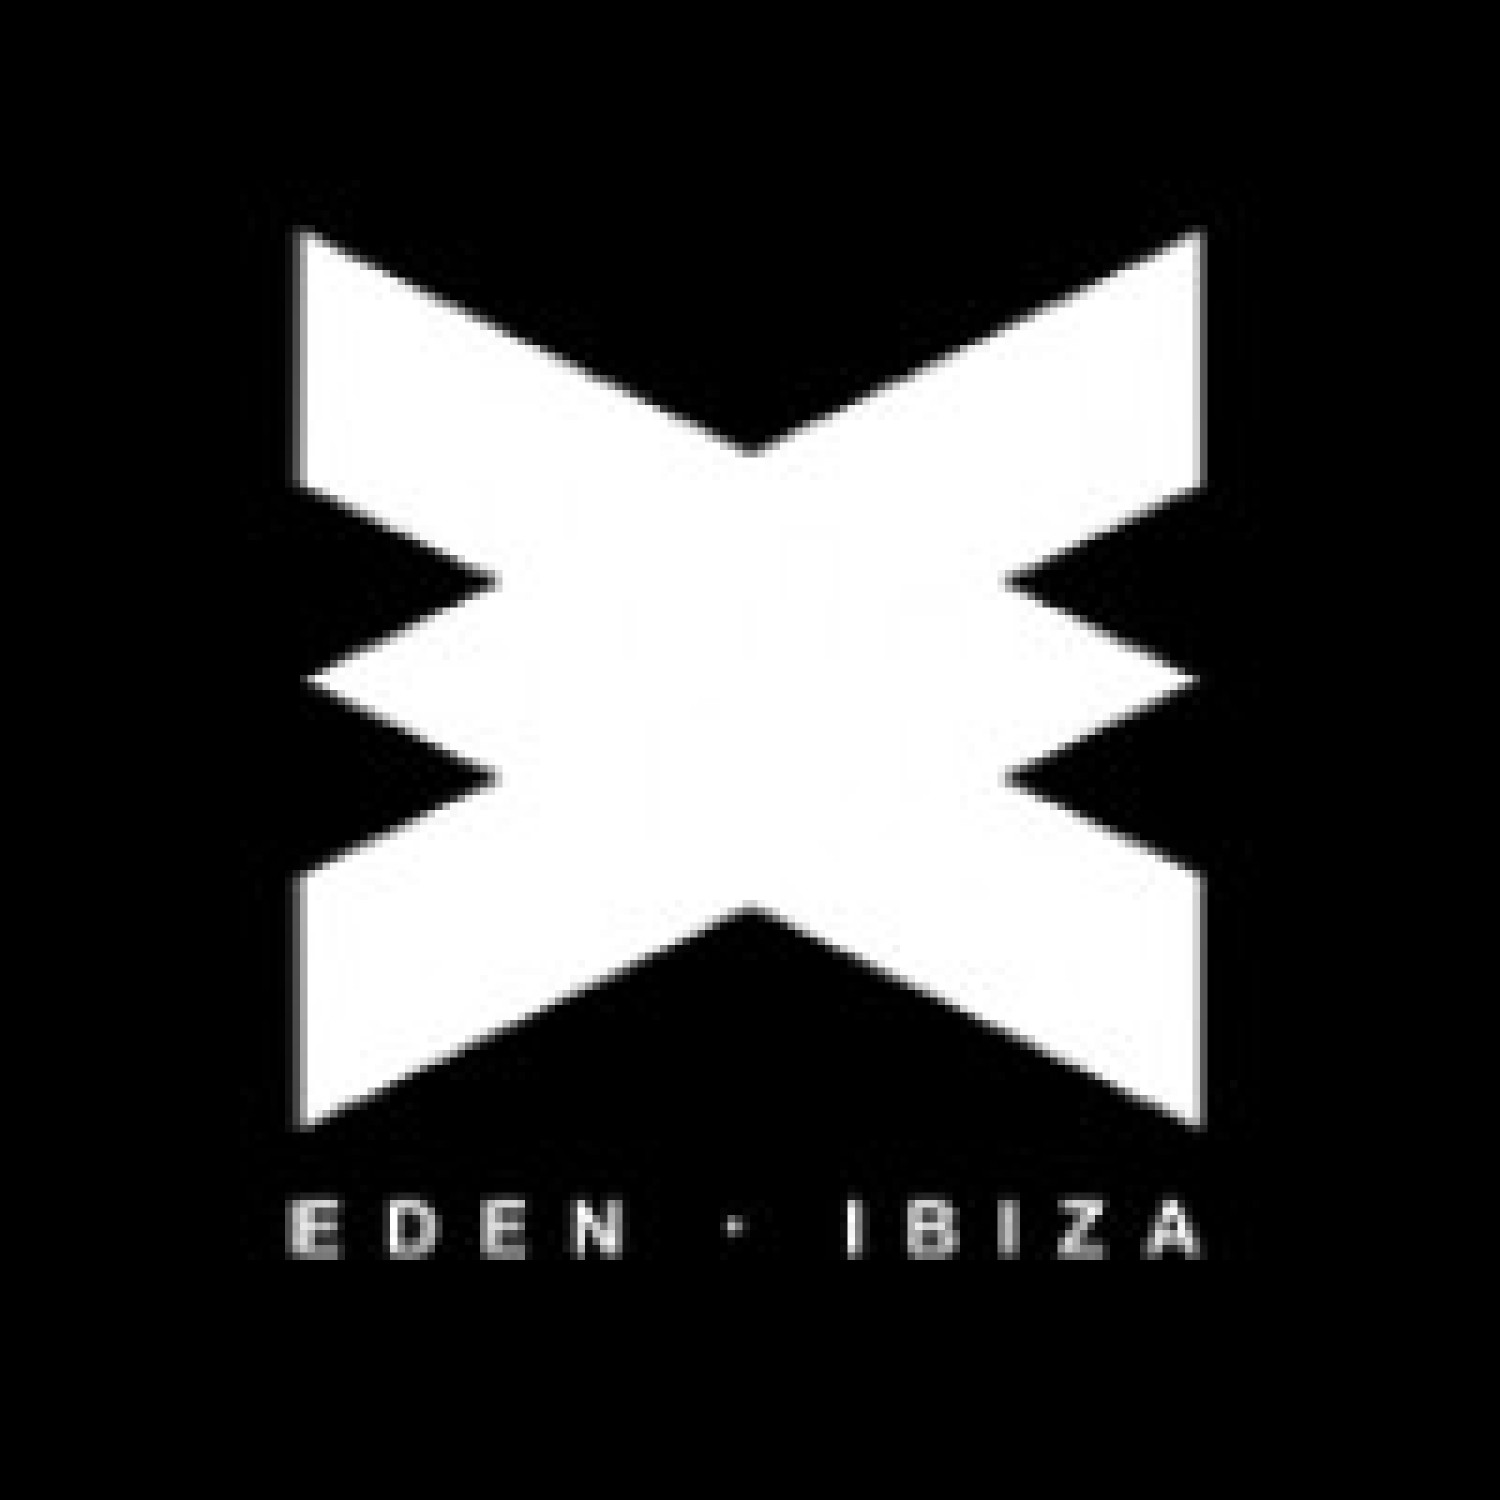 Eden Ibiza
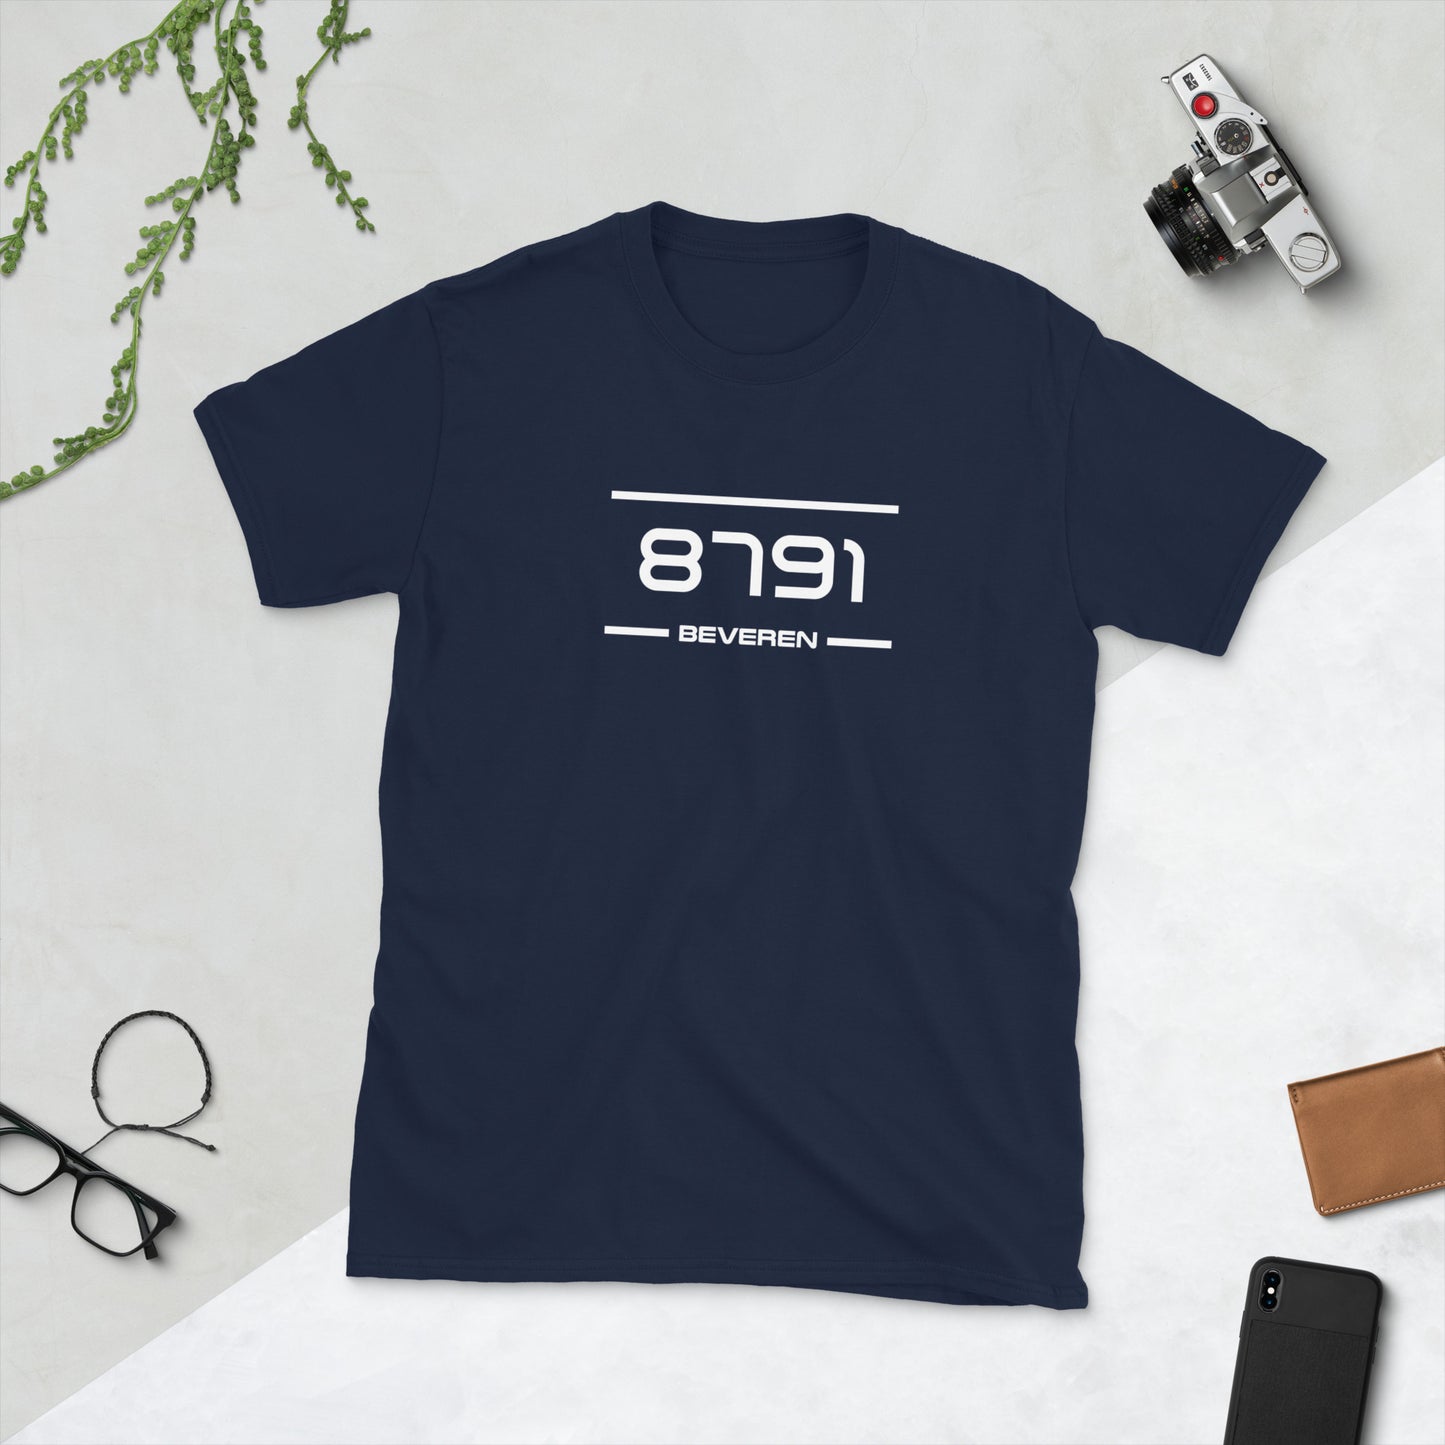 Tshirt - 8791 - Beveren
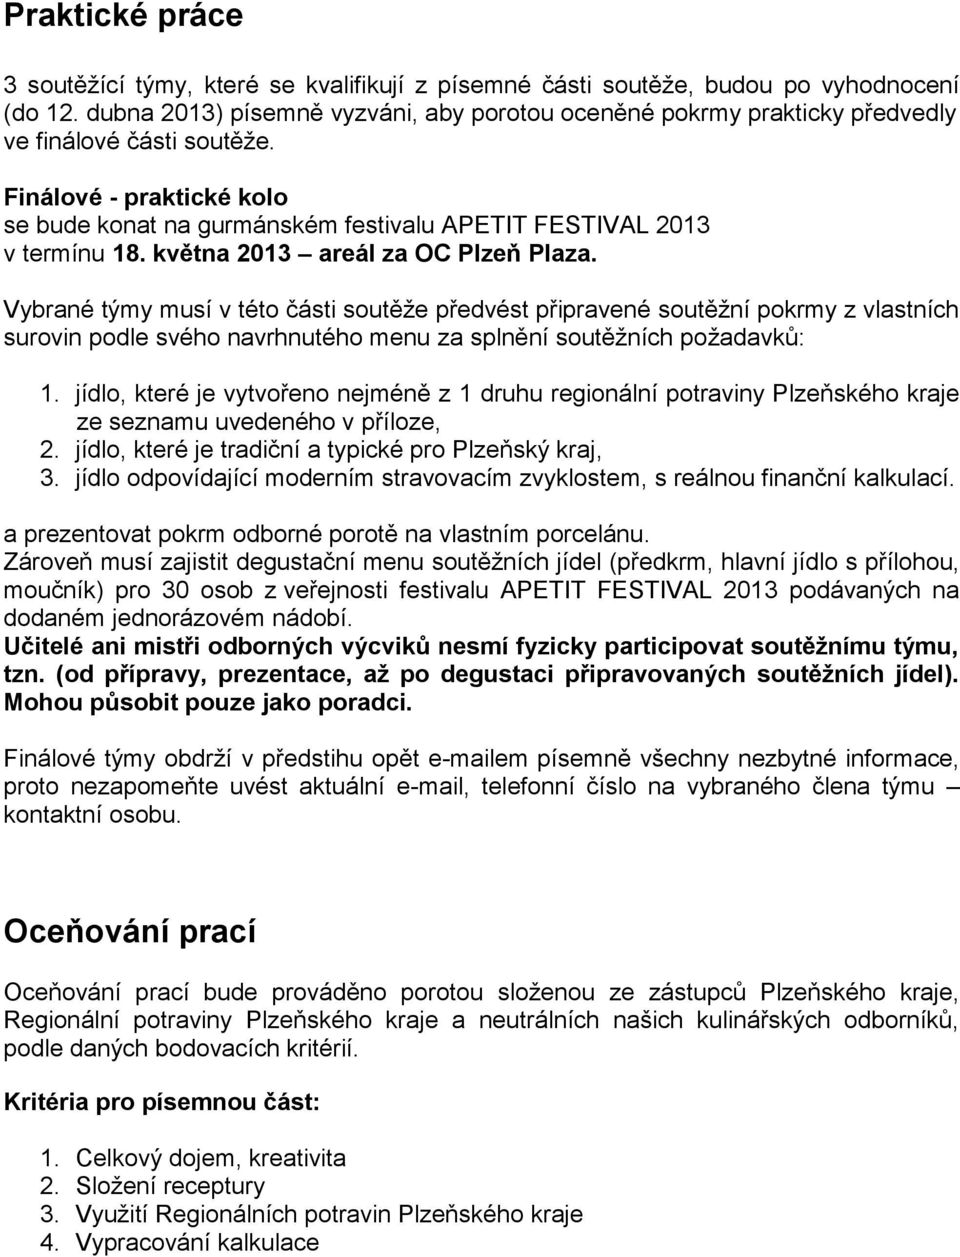 Finálové - praktické kolo se bude konat na gurmánském festivalu APETIT FESTIVAL 2013 v termínu 18. května 2013 areál za OC Plzeň Plaza.

→ **EXERCISE REQUIREMENTS**
Keeping every word as it is, write out all the data and omit the pictures.

→ **ANSWER BOX**
 Eden Ibiza
 Tshirt - 8791 - Beveren
 Finálové - praktické kolo se bude konat na gurmánském festivalu APETIT FESTIVAL 2013 v termínu 18. května 2013 areál za OC Plzeň Plaza.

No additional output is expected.